3- The choice of words:


• He chooses every word in every sentence carefully to create a gloomy and
atmosphere. For example, usher’s house, its windows, bricks, and dungeon are all
used to make a dismal atmosphere. The words used to describe the place
contribute to the collective atmosphere of despair and anguish.

4- Characteristics:
• The gothic characters in the story are unique and excellent. Many of them
emerged with a fear of death: someone is already mad or wants to be away from
the incipient madness just as Roderick Usher. What’s worse, some others are
striving to come back from the tomb like Madeline, who is buried alive.

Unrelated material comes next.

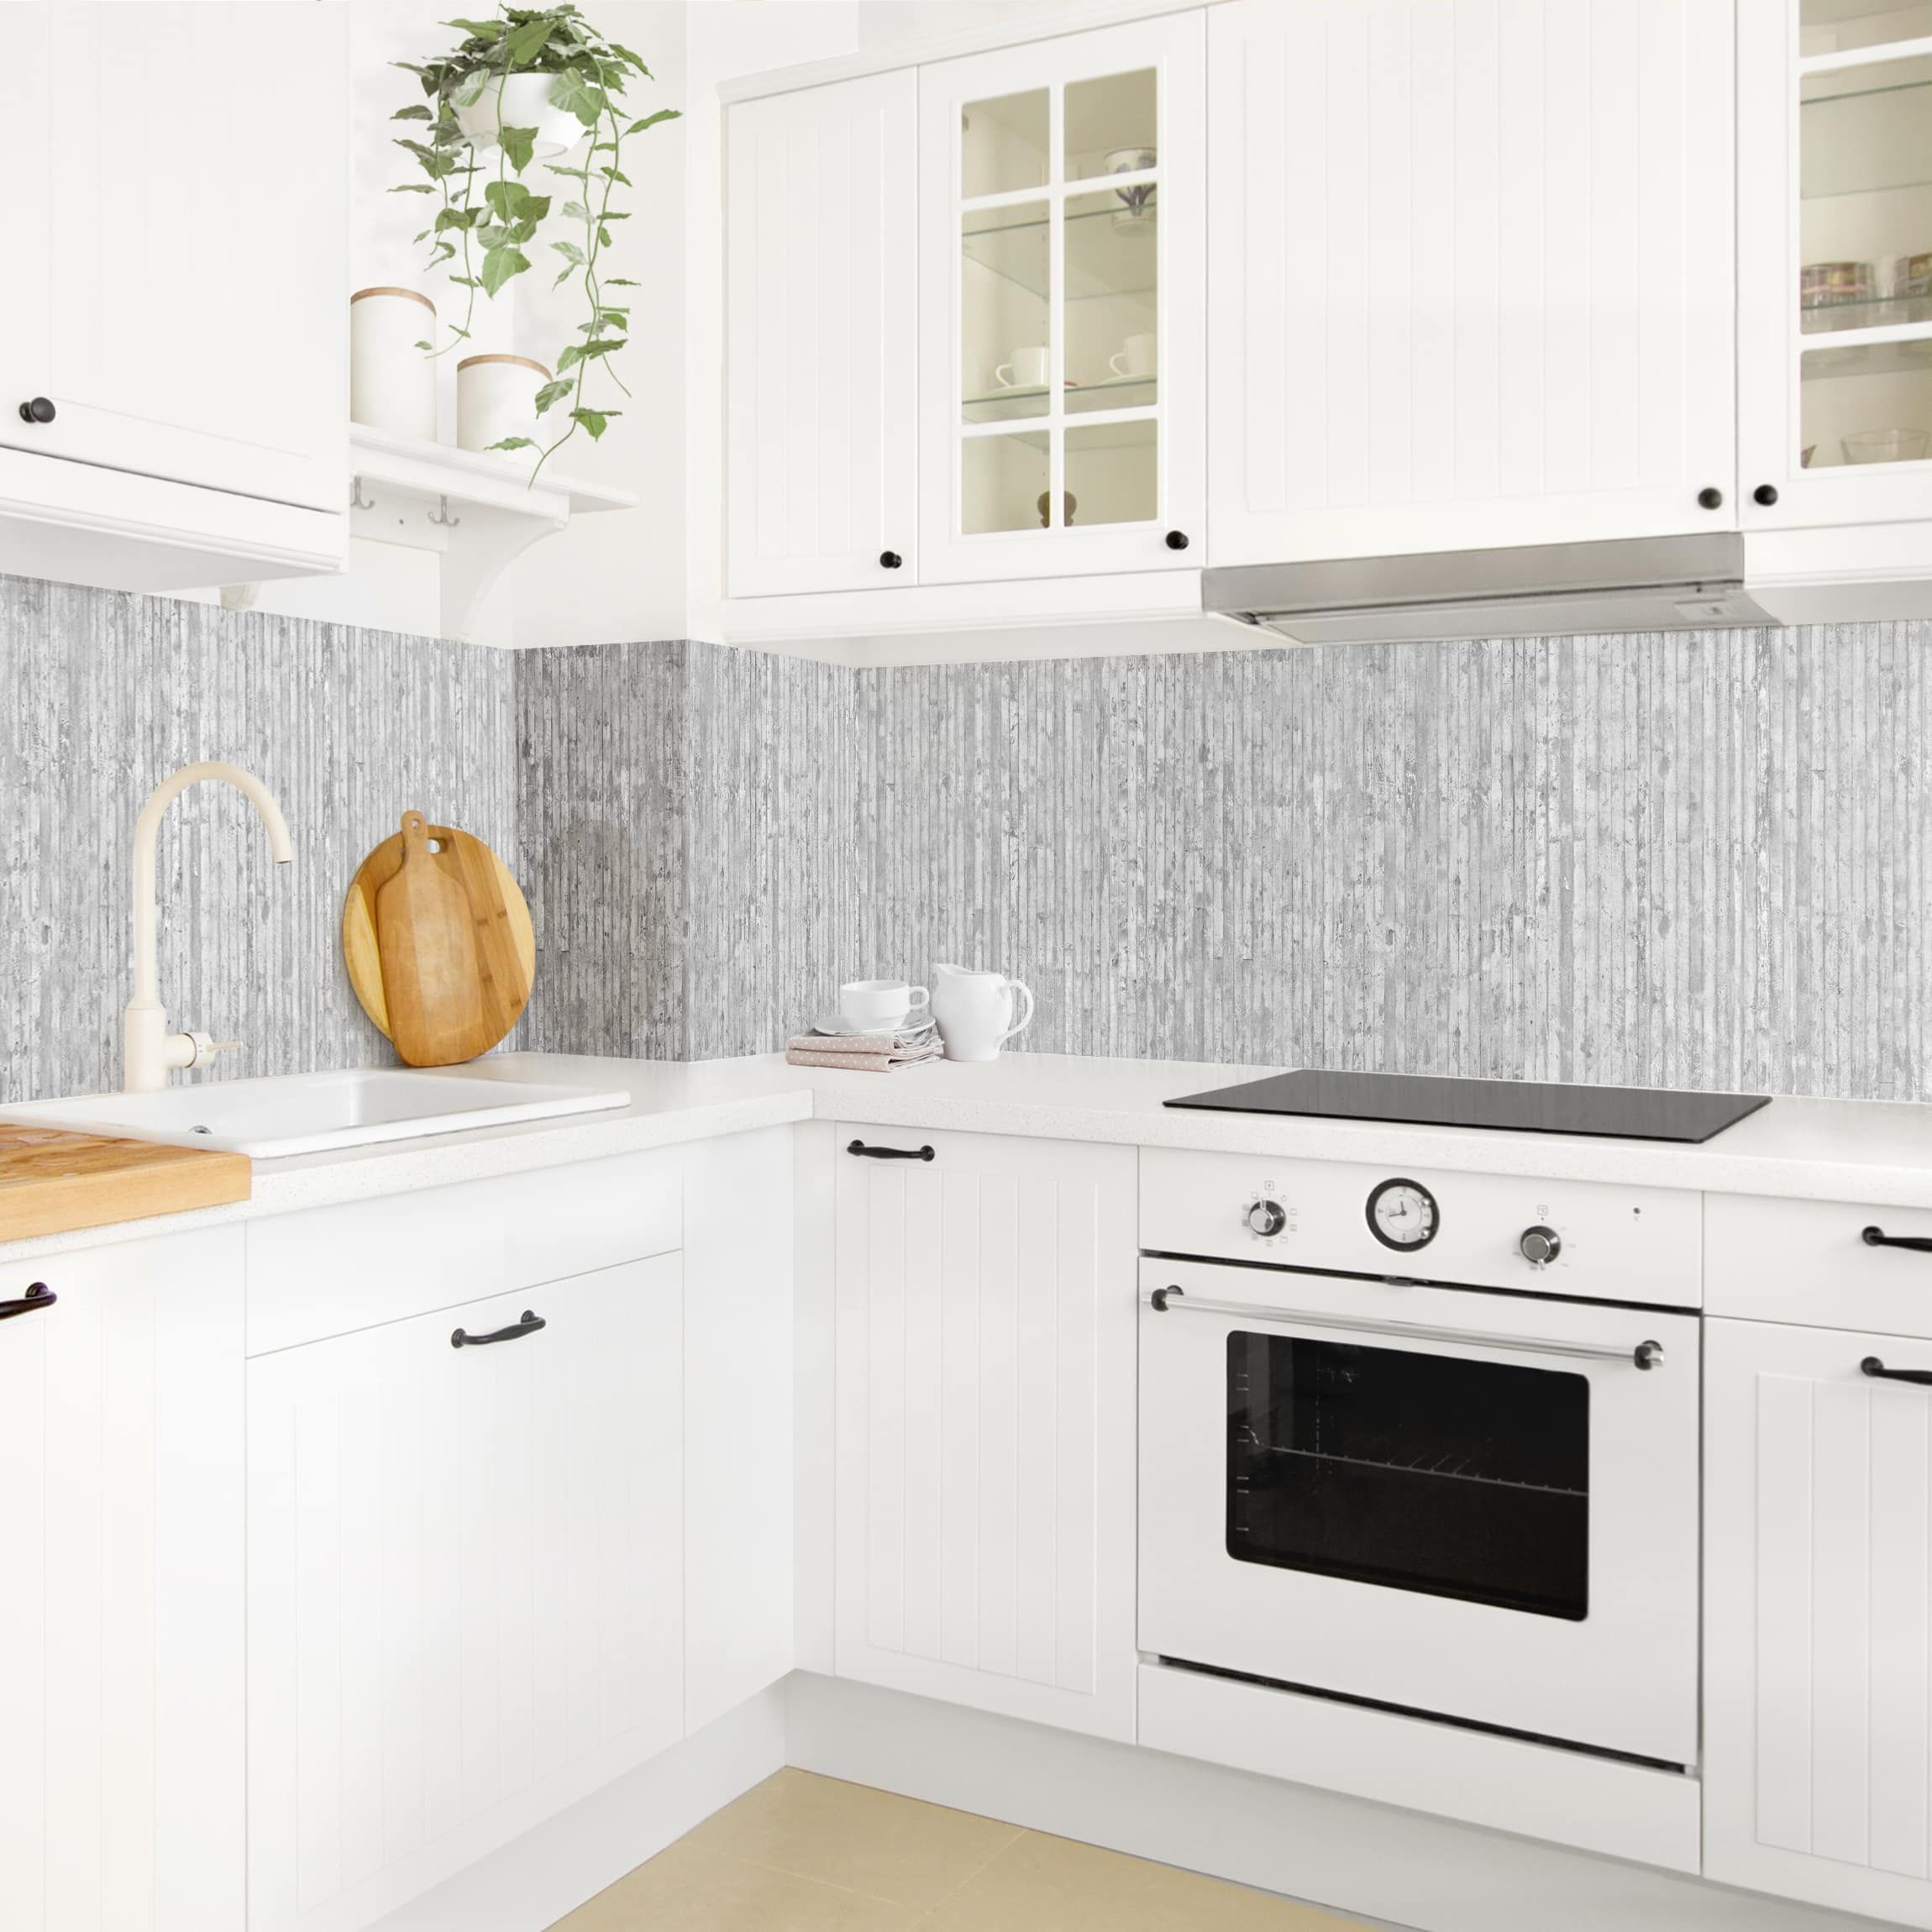 Rivestimento cucina - Effetto cemento strisciato ...

• Roderick Usher’s special fear affects everything no matter in mind and without,
from the guest and the house itself and the tarn beyond. It explains the result of
the tale naturally that the collapse of Usher’s reason makes the fall of his house. It
is the special collapse of character’s mind that made the realistic things have the
same result.

5- Symbolism:
• A symbol in literature is something which has a meaning beyond itself or a
visible object or action that suggests some further meaning, in addition to itself.
• The Usher family is the symbol of the final production of the highly sensitive
civilization. It is destined to be buried under the ground by horror. (the house of
Usher becomes the ultimate symbol of their family and their fate).

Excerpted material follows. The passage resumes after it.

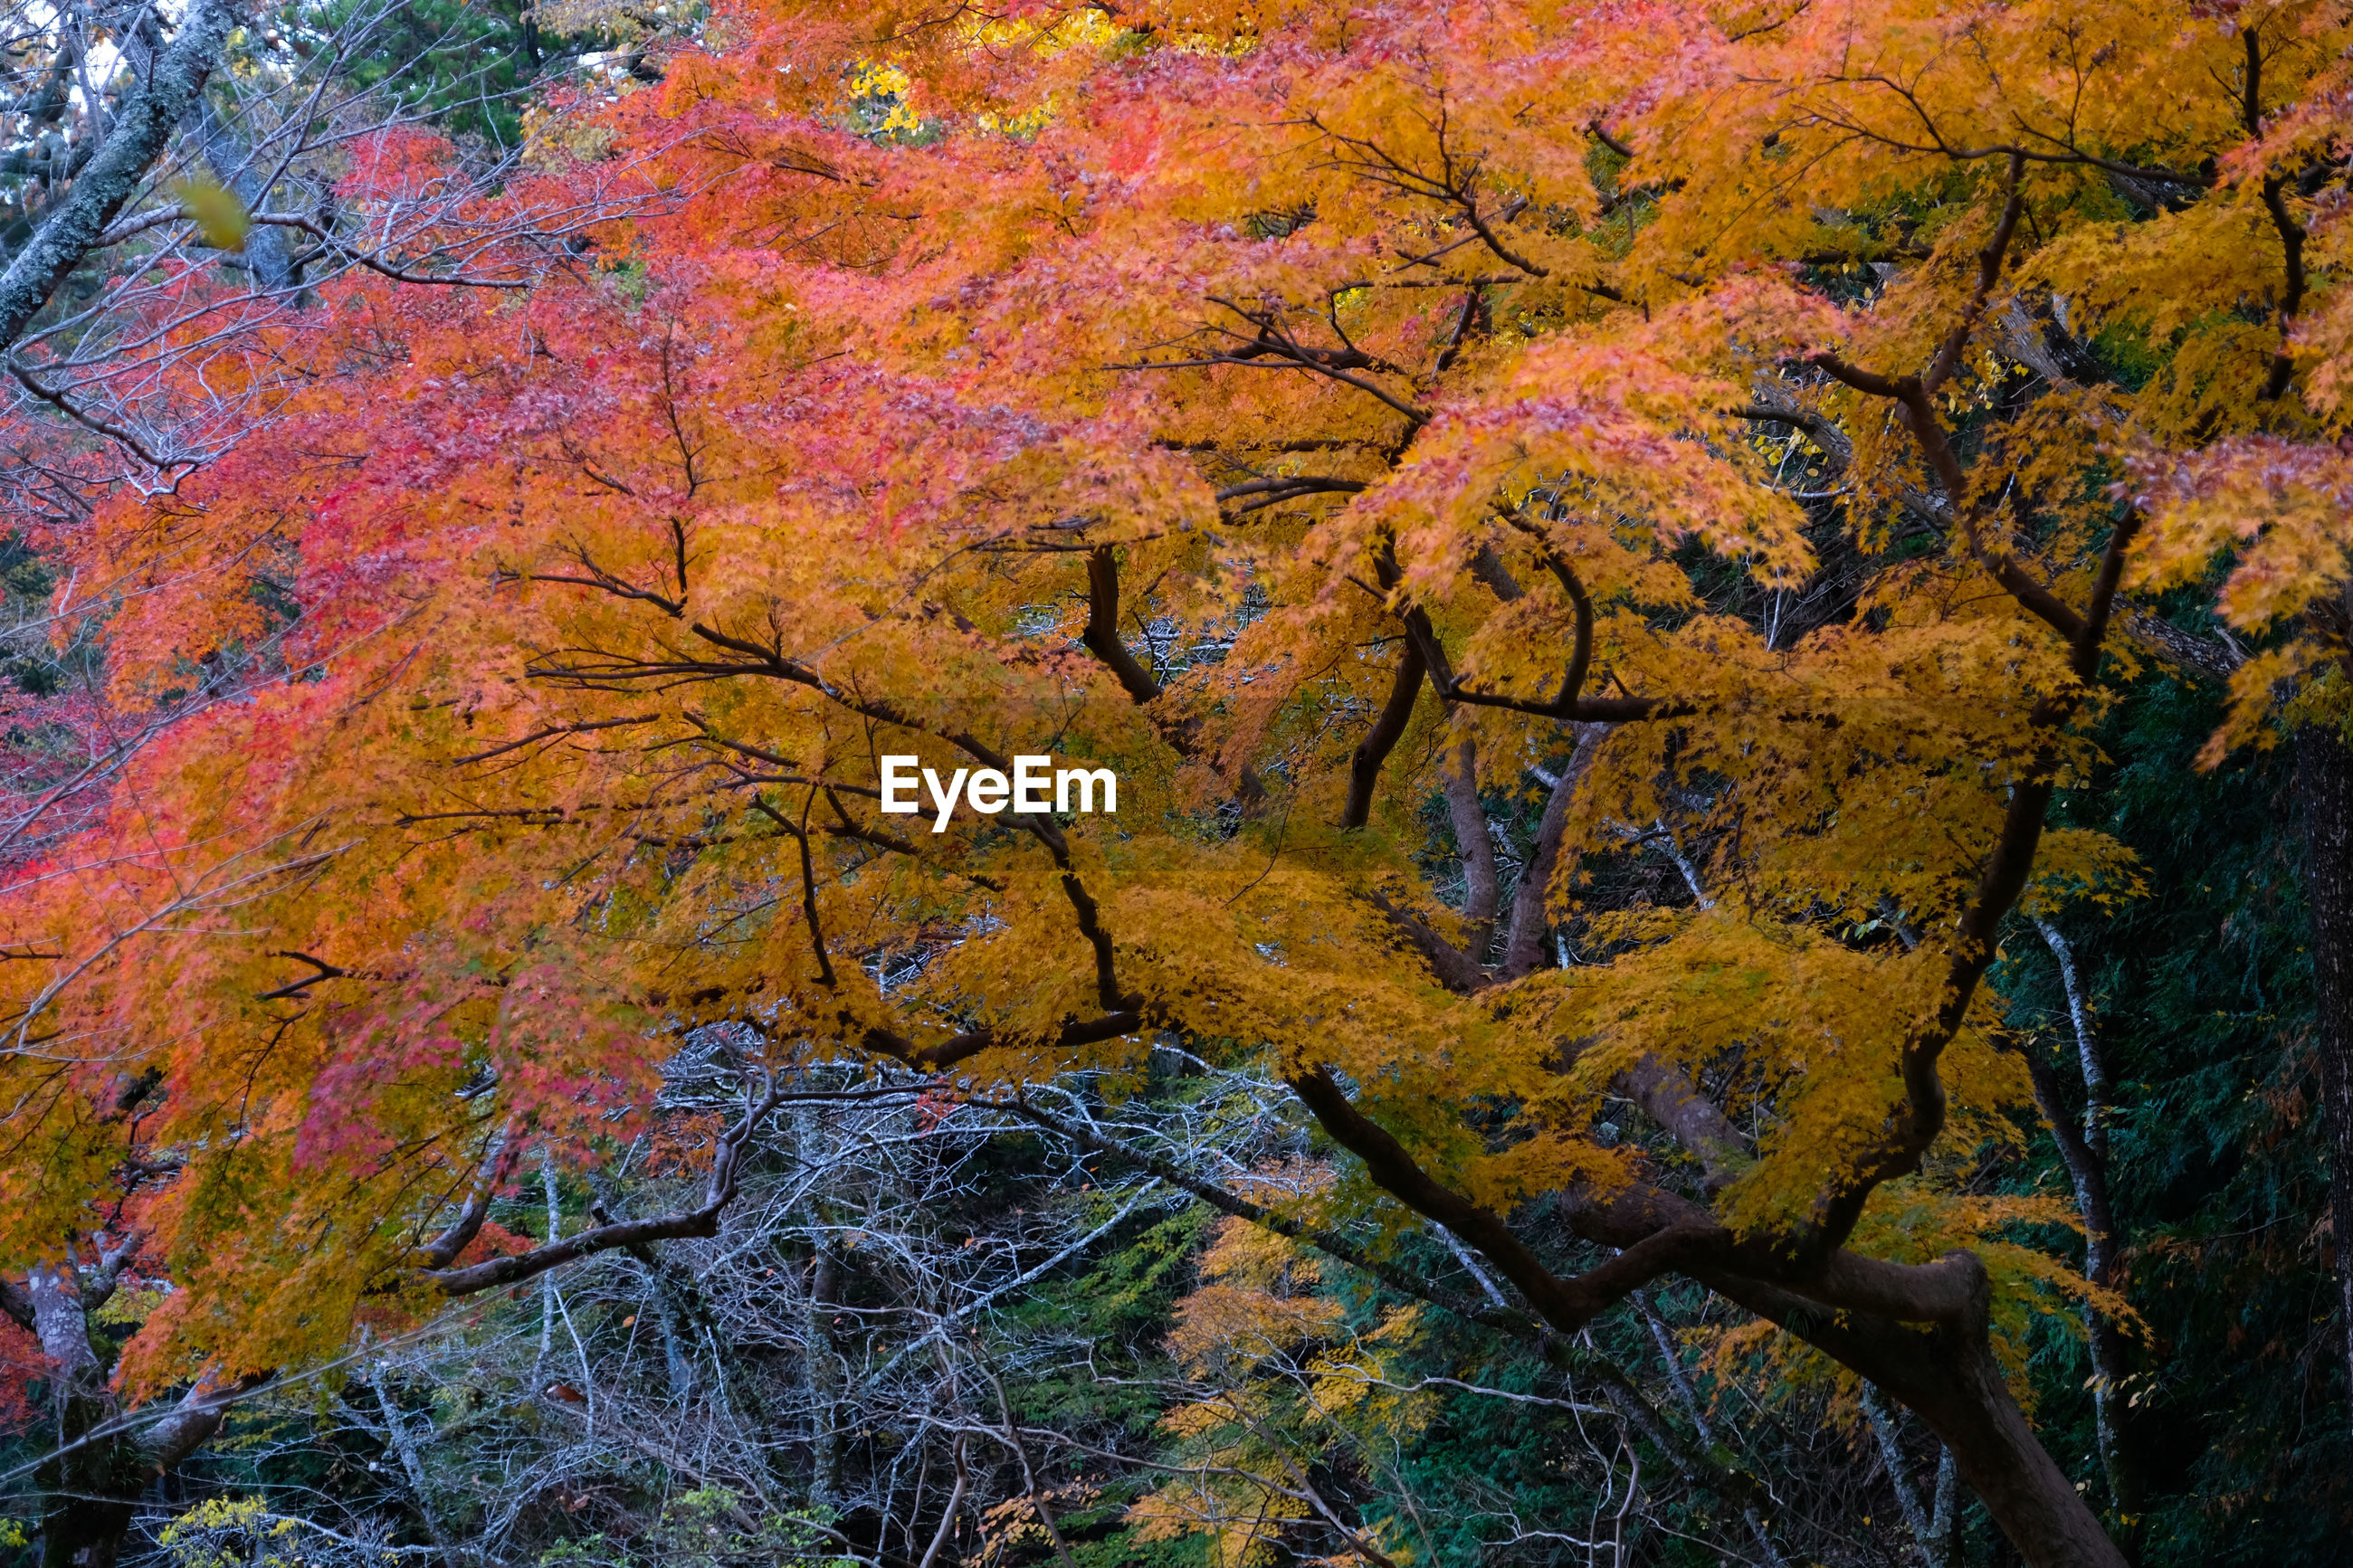 SCENIC VIEW OF AUTUMN TREES

• The tarn (lake) and paintings symbolize evil, the malaria symbolizes super nature
and illusion, horror lies in evil and madness, death finally defeats goodness, sense
and life, and everything vanished in deathly stillness.
• The house of Usher can be regarded as the body of Roderick Usher, the
gloominess inside the house symbolizes the illusion in his mind.
• Most of the symbolism is internal. The fungi and physical deterioration of the
house symbolizes the physical deterioration of Roderick and Madeline. The
bridge over the tarn symbolizes the narrator who serves as their only connection
to the outside world.
Conclusion:
• Edgar Alan Poe is a genius of imagination and verbal creation. He is a master skilled in
manipulating language in his fictions as is the case of “The Fall of The House of Usher”
to create the unique aesthetic effect he aims to achieve. His purpose for composition is to
produce a feeling of beauty.
• Poe offers different kinds of beauties: the beauty of death and despair. Among all the
beauties presented in Poe’s works, the beauty with Gothicism is the most striking one.
• In the short story, everything from atmosphere creation, the supernatural characteristics,
and character portrayal shares one single purpose of creating gothic horror to bring out
the sense of sublimity for spiritual purification among readers.
Themes:
1- The central theme is terror which arises from the complexity and multiplicity of forces
that shape human destiny. Dreadful, horrifying events result not from a single,
uncomplicated circumstance but from a collision and intermingling of many complex
circumstances.
2- Isolation: Roderick and Madeline Usher seal themselves inside their mansion, cutting
themselves off from friends, ideas, and progress. They have become musty and
mildewed, sick unto their souls for lack of contact with the outside world.
3- Madness: Roderick and Madeline suffer from mental illnesses characterized by anxiety
and depression as well as other symptoms.
4- Mystery: from the very beginning, the narrator realizes that he is entering a world of
mystery when he crosses the tarn (lake) bridge.